Street-beating protector and archiver basks in analyst love

After three quarters of losses, Commvault made a $3.2m profit in its final fiscal 2017 quarter, just enough to tip the full year into profit.

Wall Street estimates were beaten as fourth quarter revenues rose 8 per cent year-on-year and 4 per cent quarter-on-quarter to $172.9m

Bob Hammer, Commvault's chairman, president and CEO, talked of, "record quarterly software revenue of $84.7m, representing growth of 15 per cent over the prior year quarter and 10 per cent sequentially."

Services revenue was $88.2m, up 2 per cent year-over-year and flat sequentially.


Full year revenues were $650.5m, up 9 per cent annually. Within that software revenues were up 15 per cent at $296.4m and services revenues of $354.1m were up 5 per cent. The chart shows Commvault has returned to growth after the previous year's decline. All its corrective work on sales, product development and pricing has come good.


In January Veeam said its full 2016 year revenues were $607m, making it and Commvault comparable in a revenue sense.

Stifel analyst Aaron Rakers said: "Commvault continues to have significant sales productivity expansion, and thus leverage looking forward – our call with management highlighted early innings of full productivity expansion potential with a maturing in-territory sales force and strong retention rates."

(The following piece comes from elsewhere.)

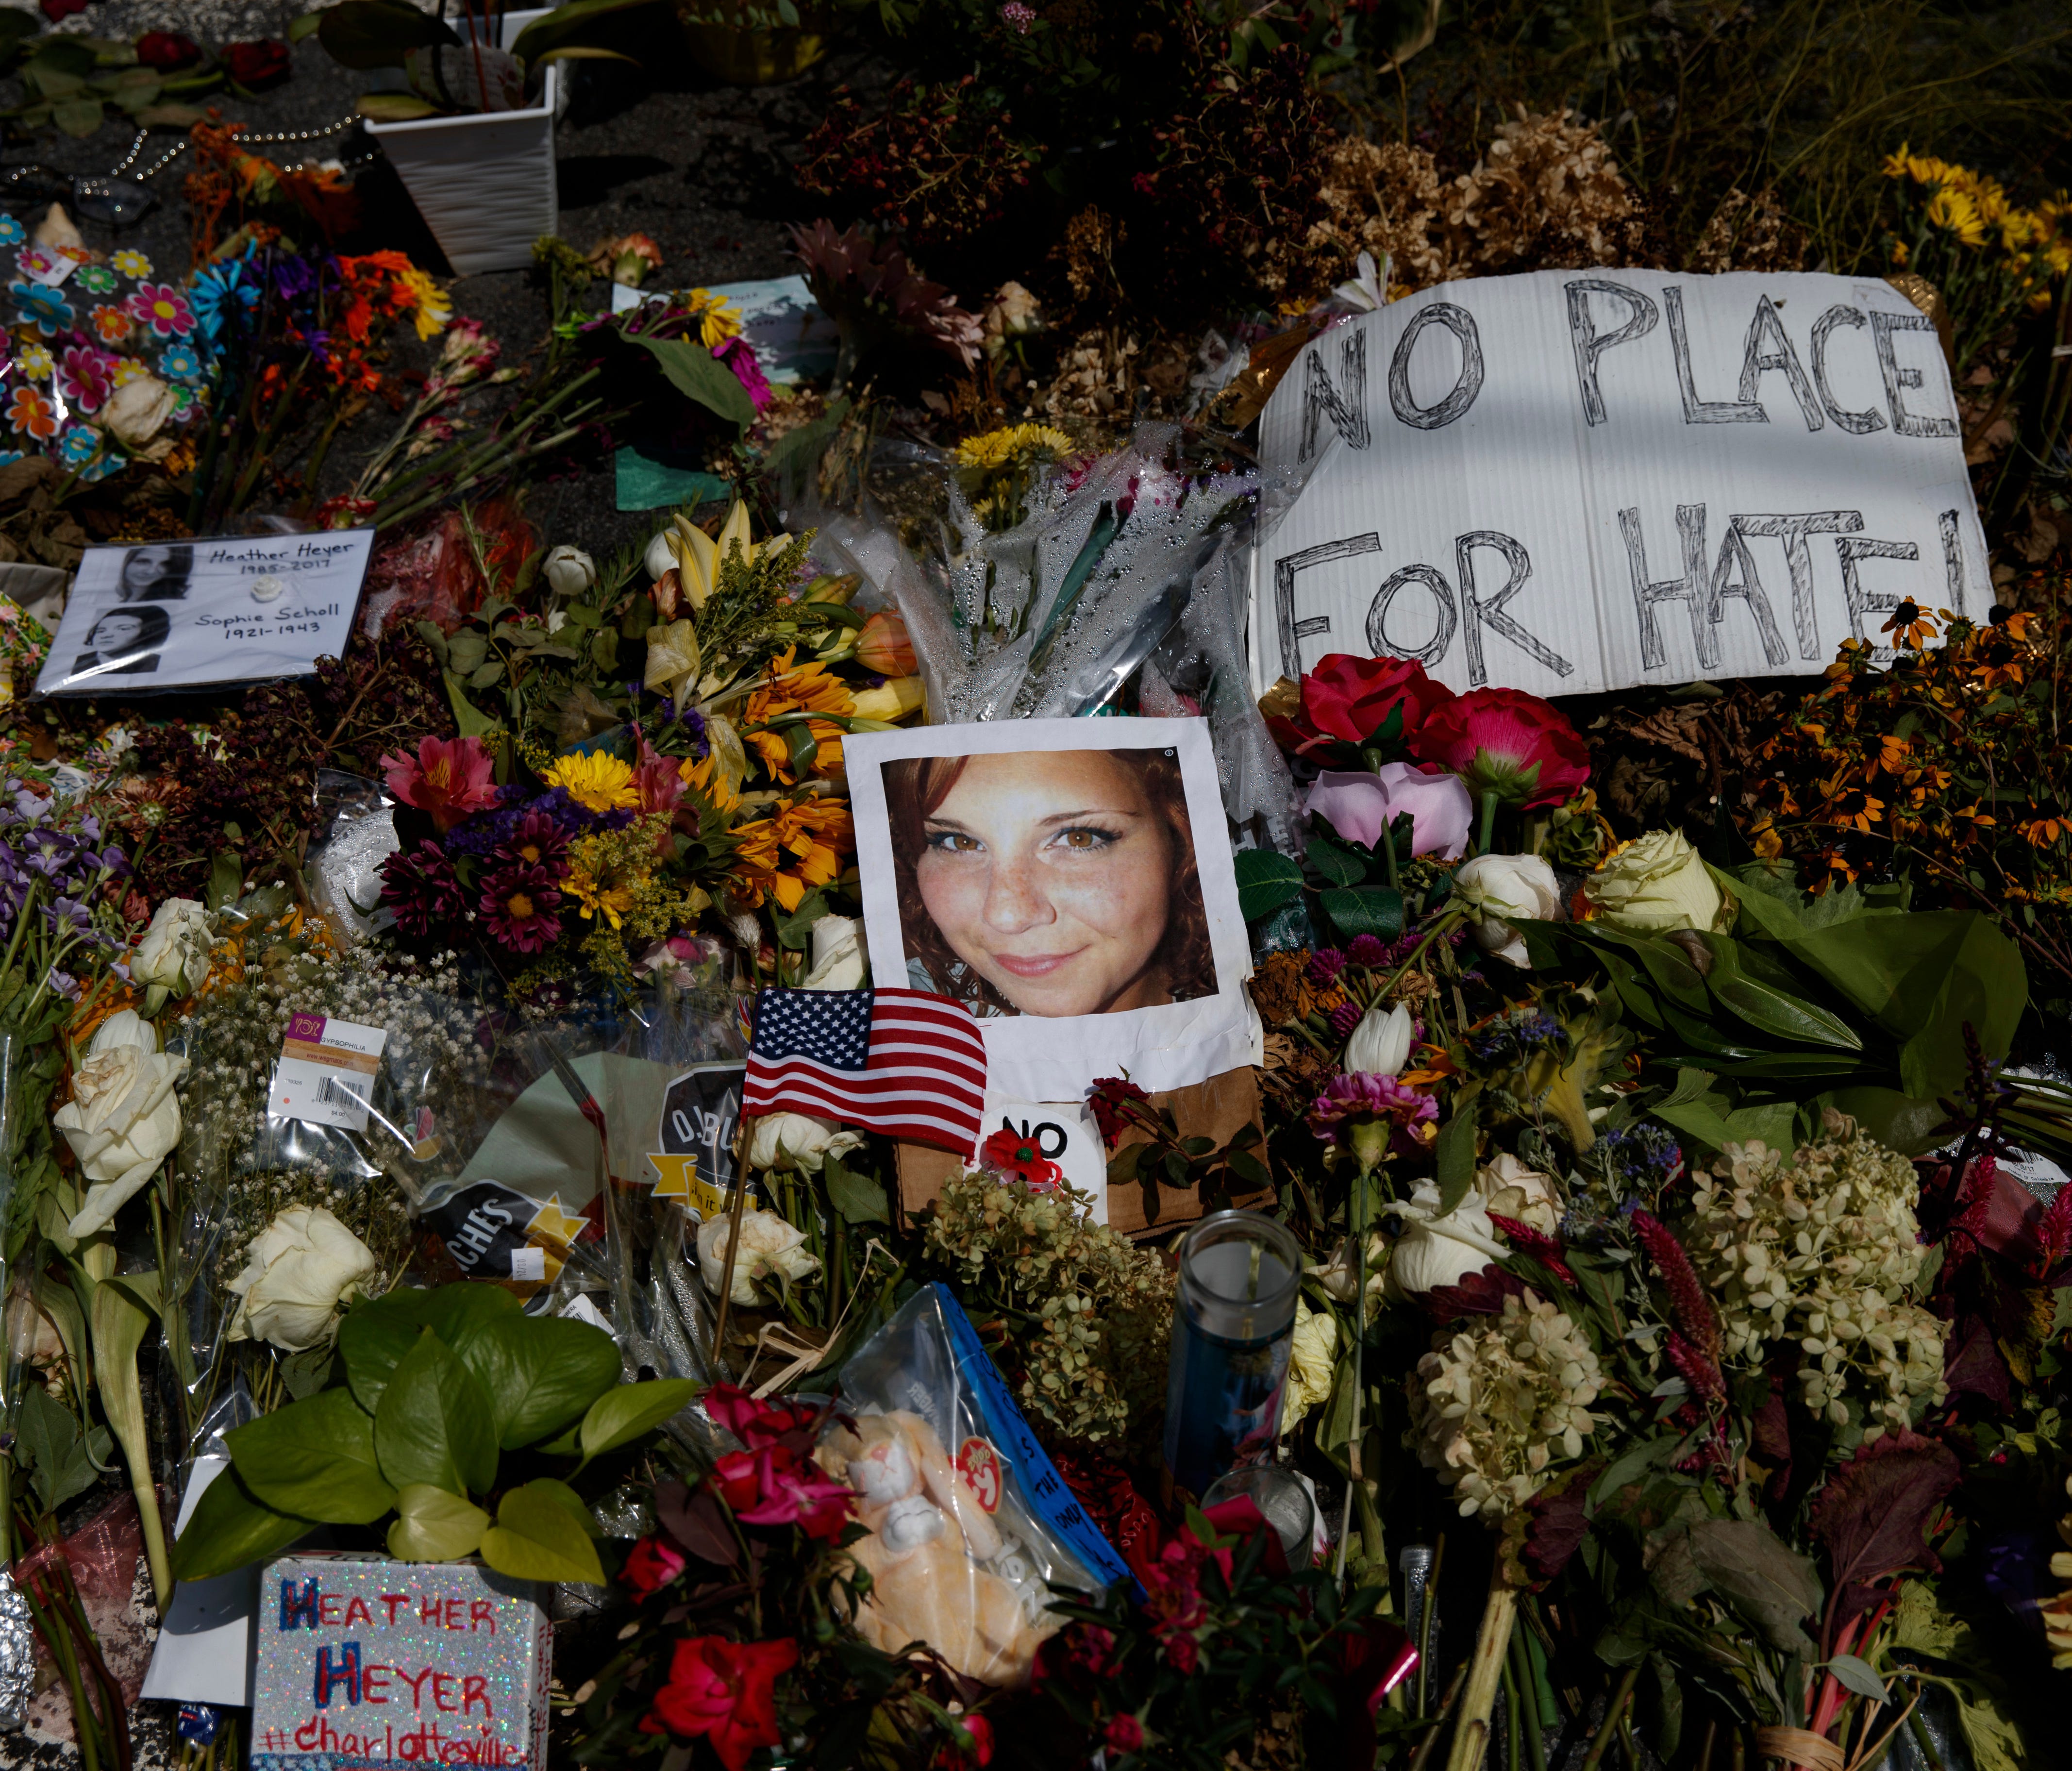 A photo of Heather Heyer, who was killed during a white nationalist rally, sits on the ground at a memorial the day her life was celebrated at the Paramount Theater on Aug. 16, 2017 in Charlottesville, Va.

Rakers highlighted "Commvault continues to see >200 per cent y/y growth in data managed into public cloud."

Jason Ader, an analyst at William Blair, offered his thoughts: "Software strength was driven by increasing adoption of Commvault solutions in the cloud, growth of stand-alone products (which carry a 2-times attach rate on other software solutions), healthy uptick in large enterprise deals (representing 57 per cent of software revenue, up 14 per cent year-over-year), and improved sales execution across all theaters (APAC a standout).

"Meanwhile, services revenue (up 3 per cent year-over-year in constant currency and flat sequentially) was also above the consensus, as maintenance renewals remain strong and pricing realignment is largely complete."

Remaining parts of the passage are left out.